I am comparing your API with Scala's immutable stack. One interesting bit is that there the signature of push
translates to:
public <T2 super T> ImStack<T2> push(T2 e)
which looks uncomfortable but makes a lot of sense too: Adding elements to a stack can widen the type but never narrow it down. Keeping the current type is a special case of this.
Your isEmpty
method is unfortunately flawed. Assume I have created a stack of one element, like:
Object myObject = null;
ImStack<Object> stack = new ImStack<Object>(myObject, null);
Now stack.peek()
is correctly null
. On an empty stack, this should have created an exception, not returned a null.

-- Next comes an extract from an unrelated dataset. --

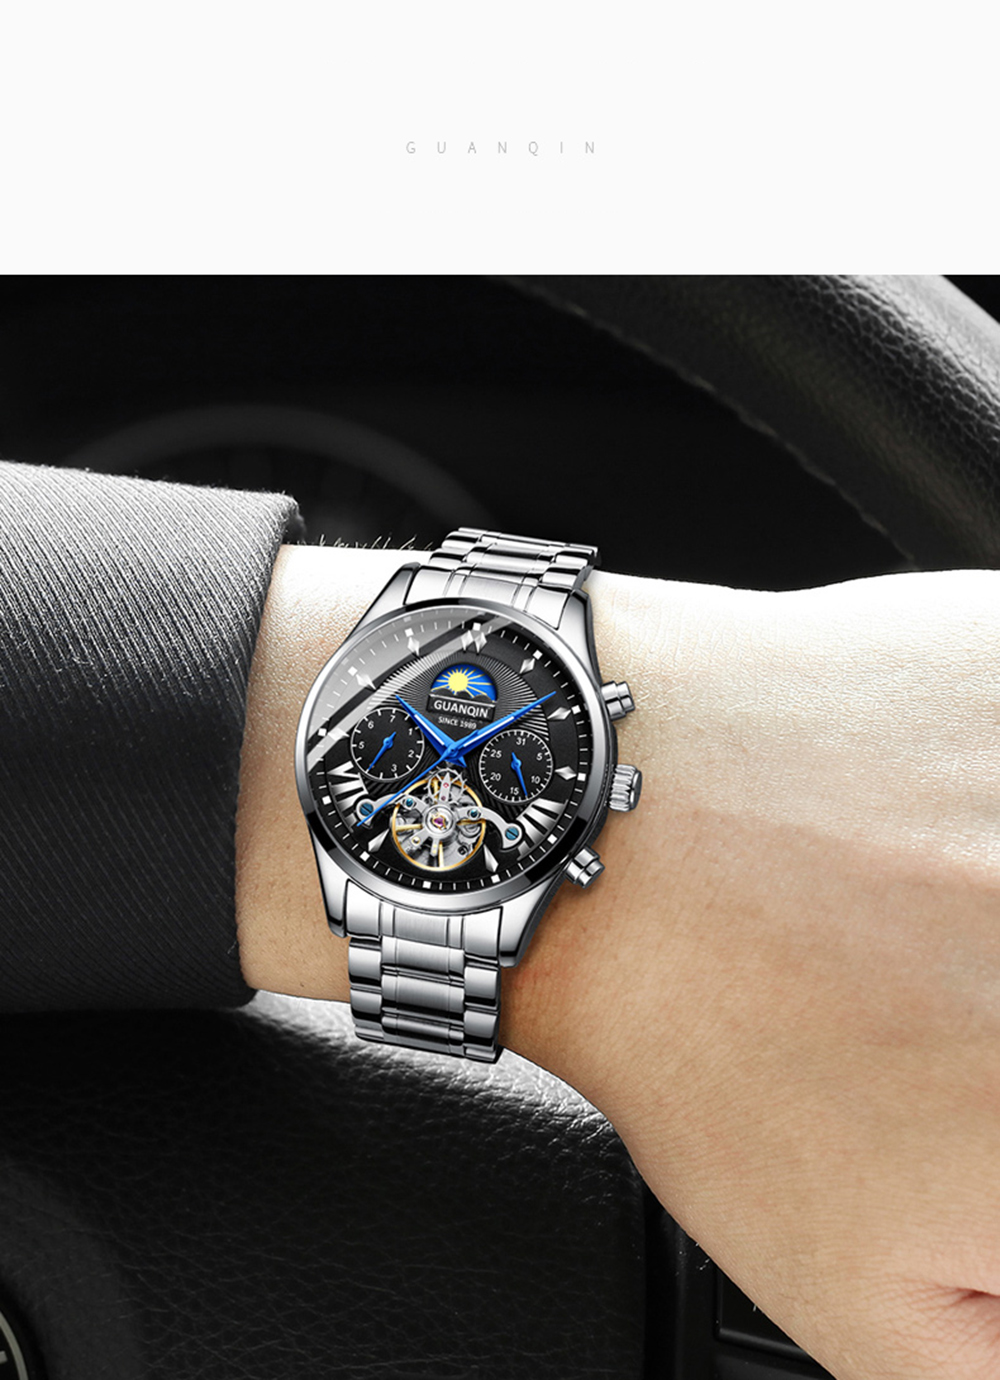 HTB1PywiRgHqK1RjSZFgq6y7JXXa6 GUANQIN 2019 clock men's/mens watches top brand luxury automatic/mechanical/luxury watch men gold tourbillon mens reloj hombre

One solution to solve this problem is to have isEmpty()
always return false
. We also create a private subclass1 of ImStack
called ImEmptyStack
, where isEmpty()
returns true
, and peek()
throws an exception. In your constructor, you create a new empty stack as tail when that argument would be null
:
ImStack(T head, ImStack<? extends T> tail) {
this.head = head;
this.tail = tail != null ? tail : new ImEmptyStack<T>();
}
1: Actually, subclassing here leads to problems. The two classes should both be subtypes of a common interface. So basically, the Composite Pattern.
By overriding the size()
in the ImEmptyStack, you can simplify that as well:
class ImStack<T> {
public int size() {
return 1 + tail.size();
}
}
class ImEmptyStack<T> extends ImStack<T> {
public int size() {
return 0;
}
}
Back to your isEmpty()
method, code like this should never happen:
if ( head == null && tail == null)
return true;
else return false;
because it is equivalent to return(head == null && tail == null)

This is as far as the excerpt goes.